**REQUIREMENT**
Using the data beneath this instruction, retype only the lines from the one that contains "鮮やかなグリーンが目を引く" down to the one that contains "Multicolour flower bowls. 2 pcs", both included, exactly as they appear.

**RECORDS PROVIDED**
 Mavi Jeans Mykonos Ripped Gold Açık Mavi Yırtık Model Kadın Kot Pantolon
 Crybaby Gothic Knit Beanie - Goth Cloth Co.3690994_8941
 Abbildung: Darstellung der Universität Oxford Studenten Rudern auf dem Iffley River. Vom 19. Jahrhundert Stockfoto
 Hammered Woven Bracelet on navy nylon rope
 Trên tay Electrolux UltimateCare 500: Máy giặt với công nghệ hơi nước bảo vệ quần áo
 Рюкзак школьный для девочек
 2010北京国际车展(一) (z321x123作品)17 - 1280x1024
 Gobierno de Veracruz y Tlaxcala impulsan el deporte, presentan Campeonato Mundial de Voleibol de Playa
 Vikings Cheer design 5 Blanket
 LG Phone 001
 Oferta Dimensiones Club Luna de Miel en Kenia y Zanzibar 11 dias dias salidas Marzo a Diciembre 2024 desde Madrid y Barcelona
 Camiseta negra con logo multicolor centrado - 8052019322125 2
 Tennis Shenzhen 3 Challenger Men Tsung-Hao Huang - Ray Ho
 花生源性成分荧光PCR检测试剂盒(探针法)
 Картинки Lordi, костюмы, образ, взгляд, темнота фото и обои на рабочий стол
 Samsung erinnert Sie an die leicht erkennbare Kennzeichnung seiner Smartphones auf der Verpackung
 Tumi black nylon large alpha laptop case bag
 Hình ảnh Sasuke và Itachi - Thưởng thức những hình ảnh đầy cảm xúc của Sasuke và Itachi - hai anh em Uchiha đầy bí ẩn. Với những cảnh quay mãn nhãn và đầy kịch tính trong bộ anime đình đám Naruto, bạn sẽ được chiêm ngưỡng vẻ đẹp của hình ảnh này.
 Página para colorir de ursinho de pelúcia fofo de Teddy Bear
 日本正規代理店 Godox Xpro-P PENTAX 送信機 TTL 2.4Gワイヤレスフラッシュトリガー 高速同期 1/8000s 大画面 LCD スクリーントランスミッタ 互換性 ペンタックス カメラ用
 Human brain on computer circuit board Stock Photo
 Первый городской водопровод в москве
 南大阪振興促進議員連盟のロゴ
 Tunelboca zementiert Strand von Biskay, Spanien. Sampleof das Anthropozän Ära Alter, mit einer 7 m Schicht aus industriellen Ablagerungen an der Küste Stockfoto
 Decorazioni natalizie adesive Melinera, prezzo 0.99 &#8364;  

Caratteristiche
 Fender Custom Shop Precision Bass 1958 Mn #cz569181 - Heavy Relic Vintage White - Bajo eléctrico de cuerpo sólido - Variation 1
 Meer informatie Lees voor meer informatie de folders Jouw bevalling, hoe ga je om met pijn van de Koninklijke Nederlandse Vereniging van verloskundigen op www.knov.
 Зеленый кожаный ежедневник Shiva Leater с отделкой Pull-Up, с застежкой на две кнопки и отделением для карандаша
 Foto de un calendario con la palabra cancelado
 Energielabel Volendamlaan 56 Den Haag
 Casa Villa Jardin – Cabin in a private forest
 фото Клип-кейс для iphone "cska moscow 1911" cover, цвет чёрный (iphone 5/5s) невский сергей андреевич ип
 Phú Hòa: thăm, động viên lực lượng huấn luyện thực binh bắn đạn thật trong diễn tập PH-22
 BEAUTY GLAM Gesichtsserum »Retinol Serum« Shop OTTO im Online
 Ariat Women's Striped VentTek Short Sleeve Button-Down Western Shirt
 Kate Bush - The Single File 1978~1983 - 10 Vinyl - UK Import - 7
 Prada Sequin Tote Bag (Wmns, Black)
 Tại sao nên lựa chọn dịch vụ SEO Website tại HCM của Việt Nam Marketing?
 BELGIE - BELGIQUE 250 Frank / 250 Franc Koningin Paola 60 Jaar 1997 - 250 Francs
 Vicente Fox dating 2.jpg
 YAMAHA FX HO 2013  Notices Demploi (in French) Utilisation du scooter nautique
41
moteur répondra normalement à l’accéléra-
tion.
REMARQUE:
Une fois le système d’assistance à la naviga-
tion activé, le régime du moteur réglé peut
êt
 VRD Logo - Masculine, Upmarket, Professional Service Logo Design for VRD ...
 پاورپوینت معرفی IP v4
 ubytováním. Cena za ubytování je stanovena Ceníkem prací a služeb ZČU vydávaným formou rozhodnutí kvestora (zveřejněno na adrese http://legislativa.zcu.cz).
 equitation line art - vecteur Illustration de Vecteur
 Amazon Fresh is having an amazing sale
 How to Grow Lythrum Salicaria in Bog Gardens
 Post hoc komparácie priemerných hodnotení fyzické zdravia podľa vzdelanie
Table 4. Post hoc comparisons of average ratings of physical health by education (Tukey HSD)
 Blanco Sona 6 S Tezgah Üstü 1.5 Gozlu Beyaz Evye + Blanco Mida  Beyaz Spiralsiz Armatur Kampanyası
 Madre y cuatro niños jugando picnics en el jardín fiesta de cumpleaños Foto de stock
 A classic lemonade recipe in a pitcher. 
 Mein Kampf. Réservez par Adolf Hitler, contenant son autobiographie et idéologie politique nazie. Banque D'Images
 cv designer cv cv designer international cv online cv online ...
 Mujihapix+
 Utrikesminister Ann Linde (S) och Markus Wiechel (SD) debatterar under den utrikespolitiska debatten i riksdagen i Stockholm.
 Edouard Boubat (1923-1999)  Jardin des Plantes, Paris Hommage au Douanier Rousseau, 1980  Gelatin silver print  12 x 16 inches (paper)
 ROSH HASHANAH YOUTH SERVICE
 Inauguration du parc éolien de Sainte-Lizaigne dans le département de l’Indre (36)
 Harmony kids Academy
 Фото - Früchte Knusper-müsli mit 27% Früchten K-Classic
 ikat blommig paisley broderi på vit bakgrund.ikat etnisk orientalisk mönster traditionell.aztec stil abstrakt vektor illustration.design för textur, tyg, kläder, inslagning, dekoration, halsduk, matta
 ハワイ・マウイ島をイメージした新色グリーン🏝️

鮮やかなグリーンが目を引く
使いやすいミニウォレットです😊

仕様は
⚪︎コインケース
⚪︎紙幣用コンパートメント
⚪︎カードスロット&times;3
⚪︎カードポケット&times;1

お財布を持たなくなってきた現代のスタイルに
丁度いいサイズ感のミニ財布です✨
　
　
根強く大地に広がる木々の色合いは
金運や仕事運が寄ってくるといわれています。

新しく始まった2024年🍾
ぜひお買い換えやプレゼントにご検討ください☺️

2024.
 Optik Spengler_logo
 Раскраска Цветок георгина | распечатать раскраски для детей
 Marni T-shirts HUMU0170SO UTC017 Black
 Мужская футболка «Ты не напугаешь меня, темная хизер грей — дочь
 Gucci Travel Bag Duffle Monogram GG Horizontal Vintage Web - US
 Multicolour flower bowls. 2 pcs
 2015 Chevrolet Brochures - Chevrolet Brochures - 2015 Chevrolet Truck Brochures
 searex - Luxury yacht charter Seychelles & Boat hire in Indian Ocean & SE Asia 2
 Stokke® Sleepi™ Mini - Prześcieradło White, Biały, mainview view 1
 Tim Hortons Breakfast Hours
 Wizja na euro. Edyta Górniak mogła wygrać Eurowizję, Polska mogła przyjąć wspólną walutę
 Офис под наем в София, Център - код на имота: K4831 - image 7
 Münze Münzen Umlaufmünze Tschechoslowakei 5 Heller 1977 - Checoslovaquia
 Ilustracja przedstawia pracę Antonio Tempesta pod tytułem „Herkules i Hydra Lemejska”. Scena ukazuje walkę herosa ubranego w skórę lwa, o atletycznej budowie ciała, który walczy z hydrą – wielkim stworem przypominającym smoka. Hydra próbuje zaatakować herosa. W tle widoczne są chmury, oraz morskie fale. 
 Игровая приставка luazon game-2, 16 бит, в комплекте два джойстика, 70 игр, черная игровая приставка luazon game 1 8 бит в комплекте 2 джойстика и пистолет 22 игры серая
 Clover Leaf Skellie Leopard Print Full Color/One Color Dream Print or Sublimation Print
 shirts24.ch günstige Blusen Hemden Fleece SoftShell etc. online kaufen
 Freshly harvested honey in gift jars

**SOLUTION FOR THIS TASK**
鮮やかなグリーンが目を引く
使いやすいミニウォレットです😊

仕様は
⚪︎コインケース
⚪︎紙幣用コンパートメント
⚪︎カードスロット&times;3
⚪︎カードポケット&times;1

お財布を持たなくなってきた現代のスタイルに
丁度いいサイズ感のミニ財布です✨
　
　
根強く大地に広がる木々の色合いは
金運や仕事運が寄ってくるといわれています。

新しく始まった2024年🍾
ぜひお買い換えやプレゼントにご検討ください☺️

2024.
 Optik Spengler_logo
 Раскраска Цветок георгина | распечатать раскраски для детей
 Marni T-shirts HUMU0170SO UTC017 Black
 Мужская футболка «Ты не напугаешь меня, темная хизер грей — дочь
 Gucci Travel Bag Duffle Monogram GG Horizontal Vintage Web - US
 Multicolour flower bowls. 2 pcs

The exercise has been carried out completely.